Grouped matrix-based visualization
plot(marketrules, method="grouped", control=list(reorder=TRUE))
## Available control parameters (with default values):
## k = 20
## aggr.fun = function (x, ...) UseMethod("mean")
## rhs_max = 10
## lhs_label_items = 2
## col = c("#EE0000FF", "#EEEEEEFF")
## groups = NULL
## engine = ggplot2
## verbose = FALSE
The above balloon plot shows the antecedent groups (LHS) as columns and consequents (RHS) as rows. The group which contains the most important rules according to lift are shown in the leftmost column. The group contains 1 rule with one positive consequent - bulmers.
library(arulesViz)
plot(marketrules, method="graph", measure="support", shading="lift", main = "Association Rules Graph")
## Warning: Unknown control parameters: main
## Available control parameters (with default values):
## layout = stress
## circular = FALSE
## ggraphdots = NULL
## edges = <environment>
## nodes = <environment>
## nodetext = <environment>
## colors = c("#EE0000FF", "#EEEEEEFF")
## engine = ggplot2
## max = 100
## verbose = FALSE
The above graph shows revealed rules between products. The arrows show the relation between categories. The size and color of vertices often represent lift and support, respectively.
Parallel Coordinates Plot
marketrules2<-head(marketrules, n=10, by="lift")
plot(marketrules2, method="paracoord", control=list(reorder=TRUE))
The positions are in the LHS where 2 is the most recent addition to basket and 1 is the item people previously had. The Parallel Coordinates Plot indicates that when people buy mayonnaise and ham, they are also likely to buy cheese.

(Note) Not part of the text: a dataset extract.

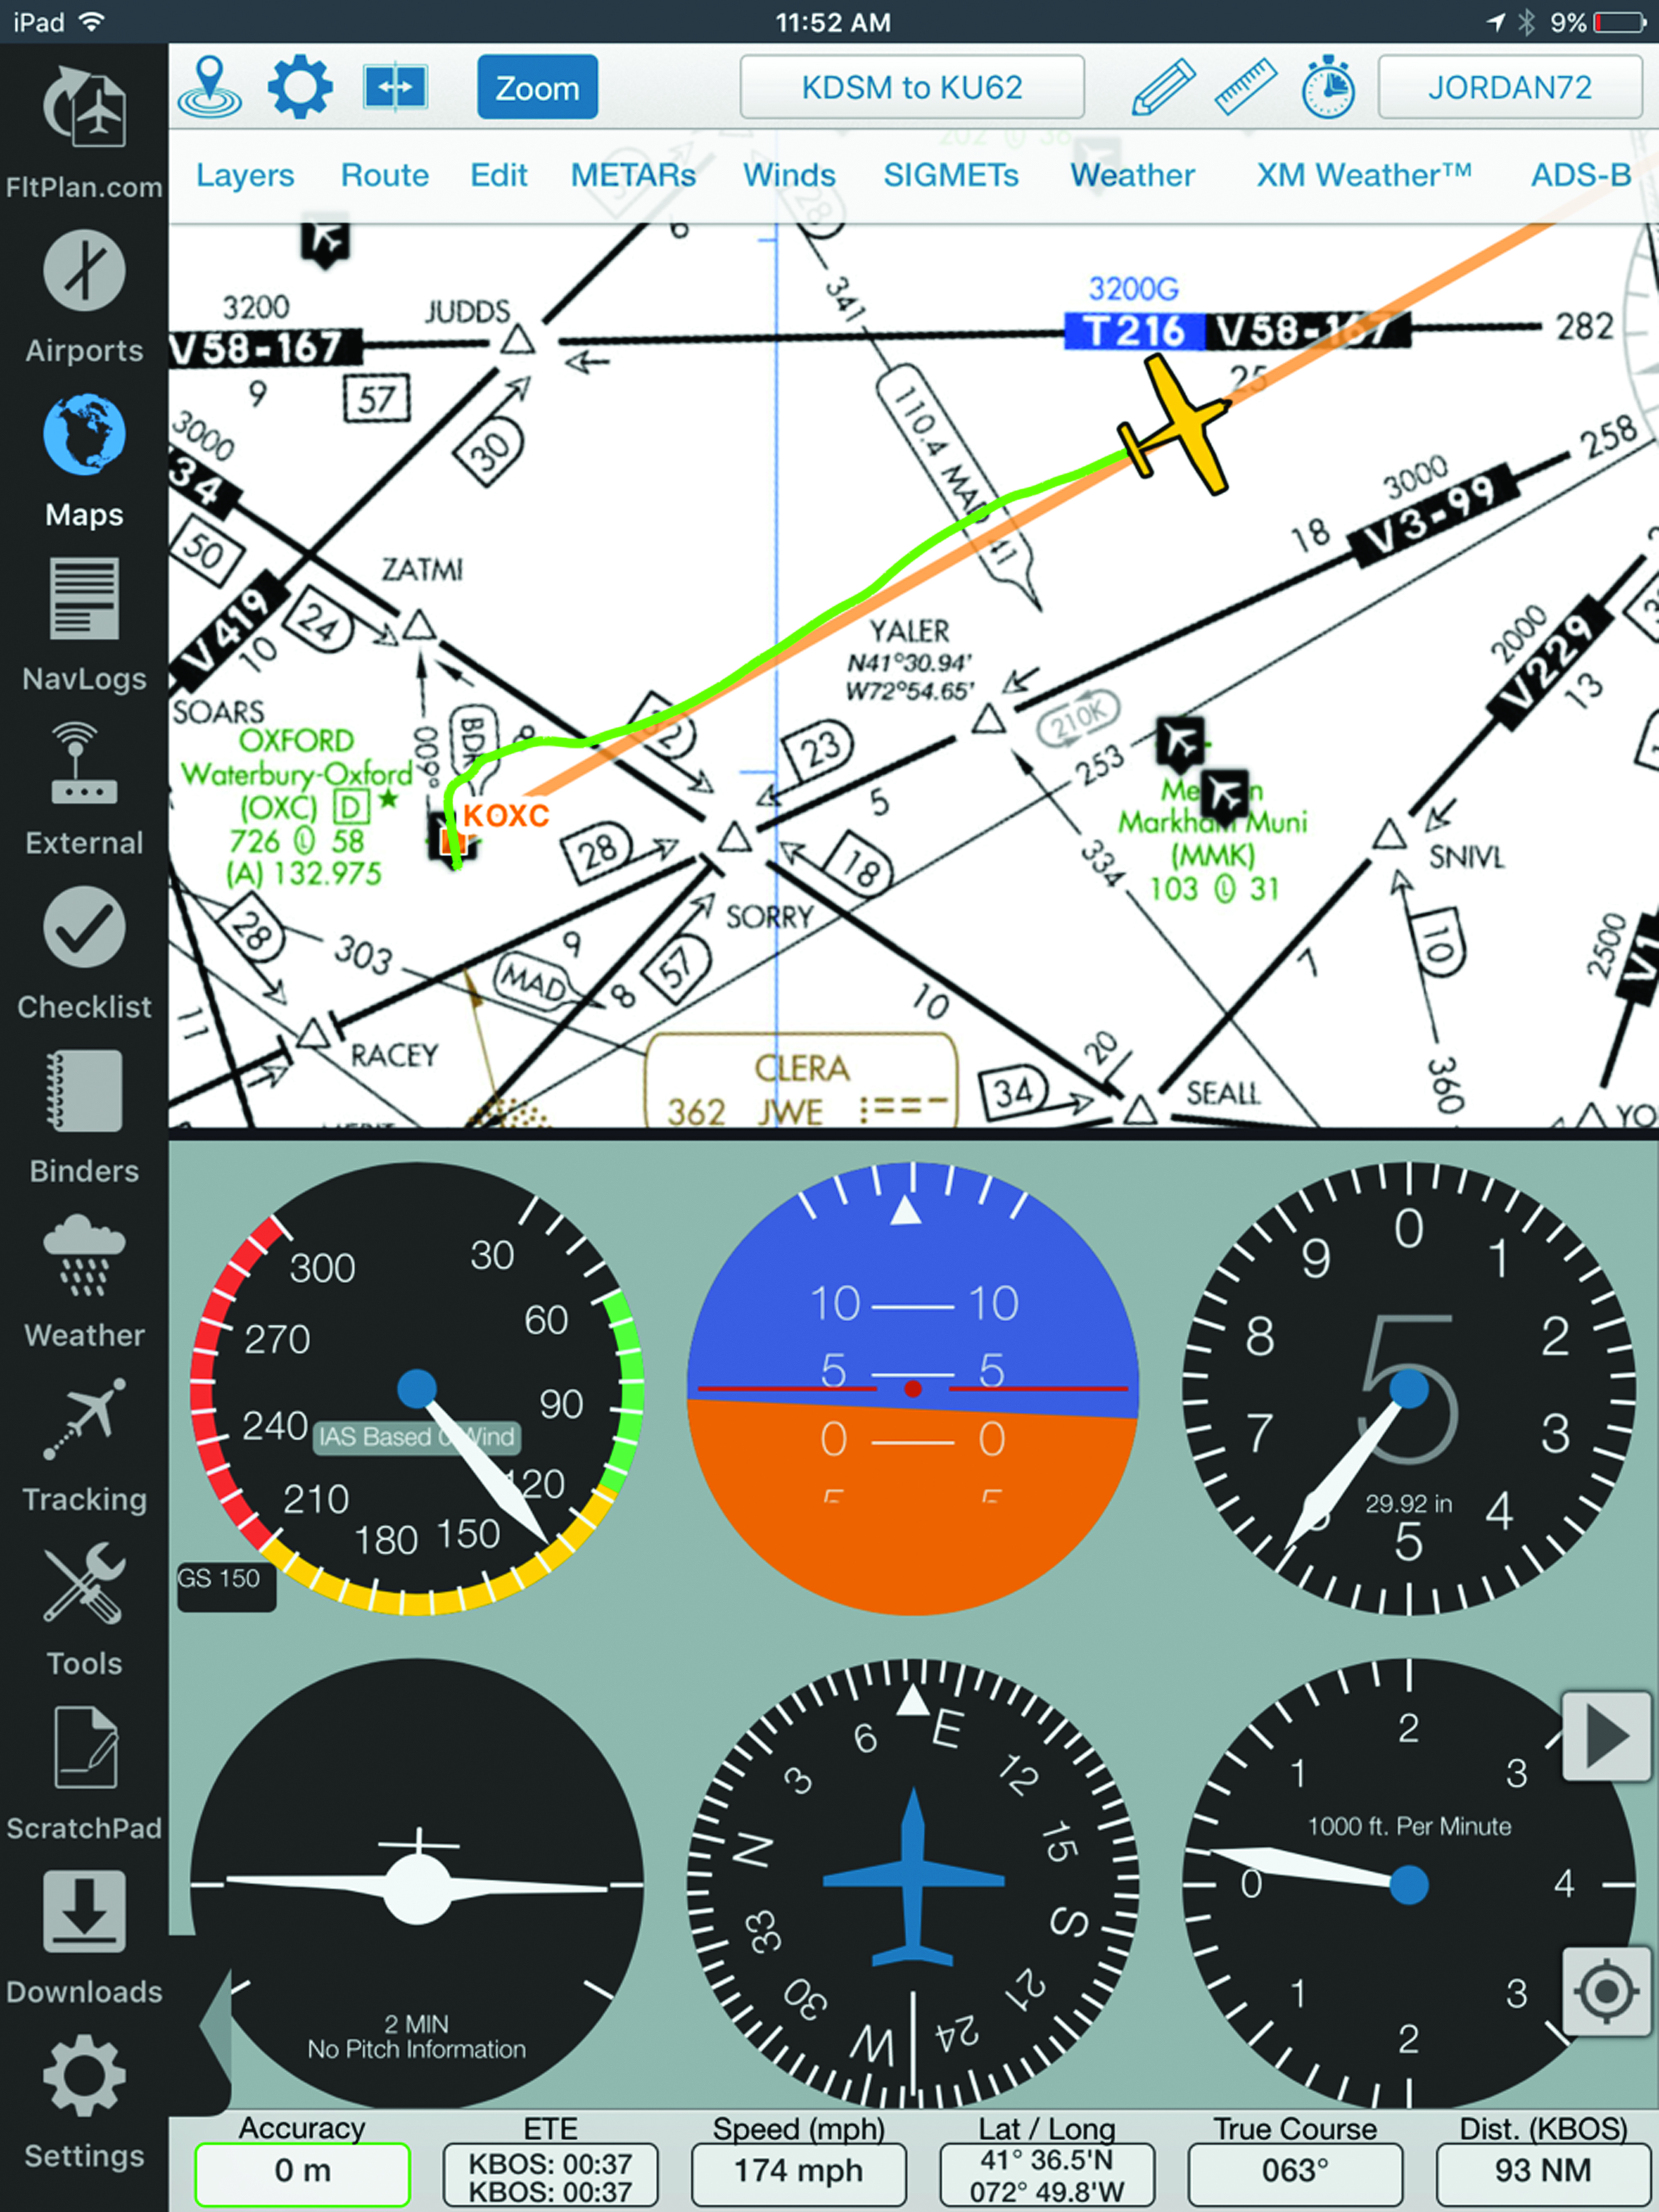 Flight Sim Charts Ipad

The association rules is an extremely useful tool in studying patterns of behavior and can be applied not only in market basket analysis. The results of the apriori algorithm used in this report is easy to understand and interpret. Another advantage is a good operation of the algorithm with large data sets enabling to extract useful information that is usually difficult when we have many dimensions. For the analysed dataset the behavior of customers somehow reflects their eating habits, sometimes they also suggest an intention to prepare a specific meal.